Former journalist with the Chinese newspaper Zhejiang Youth Times, Wei Zhenling, said his news stories were often edited beyond recognition before getting the okay to be published.

“You have to be the party’s mouthpiece. You report only what the party allows you to. What the party considers right, you cannot consider it wrong,” he said.

He believes the guidelines are meant to stamp out any remaining free space for self-expression on the internet.

The CCP wants to censor the content that it still hasn’t been able to completely control, and have the public only see the propaganda pushed out by official state media, he added.

In the notice, the Cyberspace Administration also said central authorities and local Cyberspace Administration offices will establish files on news content creators, create a blacklist, and potentially implement a system to report news writers who don’t follow guidelines.

Increasingly, ordinary Chinese citizens and freelance journalists are turning to the internet to release information, some of which may get in the cross hairs of Chinese authorities. In China, information is still severely restricted by a firewall, and Chinese authorities constantly censor content that does not toe the Party line—from politics to the environment to any news headlines that may put the CCP in an unsavory light. Staff at internet companies are hired to monitor content and report users who express dissent.
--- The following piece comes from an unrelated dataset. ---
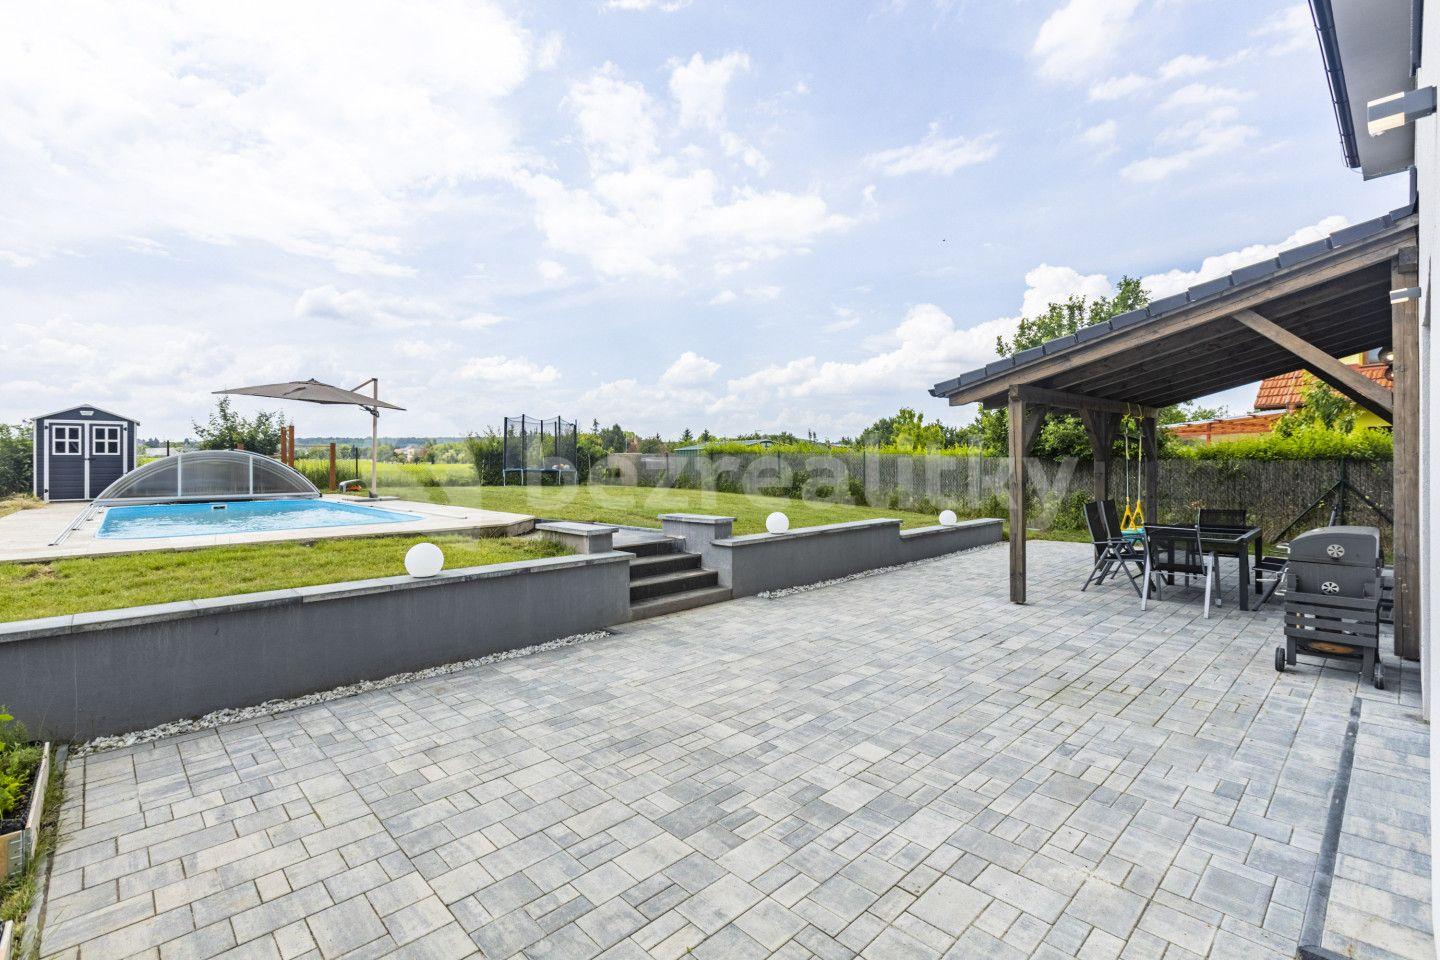 Prodej domu 285 m², pozemek 850 m², V sazenicích, Bořanovice, Středočeský kraj

In September, a journalist who published an online story about missing university students in Wuhan City was detained by local police. His story, which was reposted many times, was pulled quickly.

Former journalist Wei noted that many ordinary citizens are capable of collecting and disseminating first-hand information on the Internet. “If you take a video of something, post it on the Internet, the CCP cannot completely control that. So now it is using methods like requiring online registration using your real name, or establishing a credit record [for how someone is behaving online].”

In September, for example, a user on the popular instant messaging service WeChat posted evidence of pirated books in the collection of a renowned Beijing library. The library was shut down as a result. In this case, the authorities sided with the WeChat user.

But if a user has posted something the authorities don’t approve of, they can immediately find out your identity, as WeChat users are required to register with a cell phone number.

In May, the Ministry of Industry and Information Technology mandated all telecoms operators to require their users to use real names when registering. All cellphone users were also required to register with their real names.

On China’s Twitter-like microblogging service, Sina Weibo, some netizens reacted to the news sarcastically.

One from Shanxi Province posted, “Everything is shut down, and only People’s Daily, Xinhua, CCTV [all state mouthpiece media] will be left.”

Another from Shandong Province simply wrote, “a free country.”